Inheritance, is the continuation of happiness; Overload, is the rebirth of happiness.
Arrays and linked lists
An array of
In computer science, an array data structure, or array for short, is a data structure composed of a collection of elements of the same type, allocated a contiguous chunk of memory for storage. The index of an element can be used to calculate the corresponding storage address of the element.
advantages
- Random access is faster (subscription-based access).
- Simple to implement and use.
- Disruptor leverages CPU cache + array address continuity to maximize performance.
disadvantages
- Memory contiguity can be a plus or a minus, and arrays can be greatly limited if memory is tight.
- Inserts and deletions result in slow movement of elements (data copying).

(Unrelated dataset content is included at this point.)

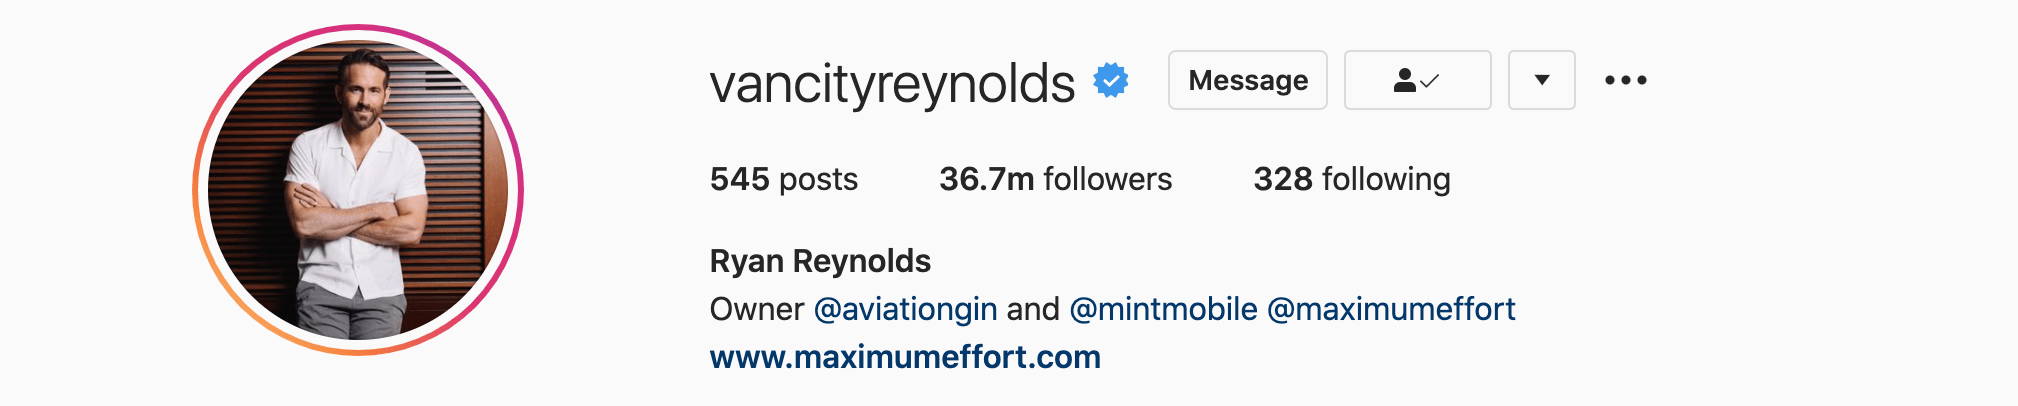 Top Instagram Influencers - RYAN REYNOLDS

- The array size is fixed, which greatly limits the number of elements and is not friendly to many dynamic data.
The list
Linked list is a common basic data structure. It is a linear list, but it does not store data in a linear order. Instead, it stores Pointers to the next node in each node. Because they do not have to be stored sequentially, linked lists can be O(1) complex when inserted, much faster than the other linear sequential lists, but it takes O(n) time to find a node or access a node with a specific number.
advantages
- Linked list structure can make full use of computer memory space and realize flexible memory dynamic management.
- Delete inserts without moving other elements.
- Element size is not limited, can be expanded at will.
disadvantages
- The advantage of random array reading is lost, and the linked list has a large space overhead due to the increase of node pointer field.
- Random access is less efficient than arrays.
Time complexity analysis
-
Random access arrays: O(1) do not support random access
-
Insert, delete array: ordered array ->O(n), unordered array -> (1) linked list: O(1)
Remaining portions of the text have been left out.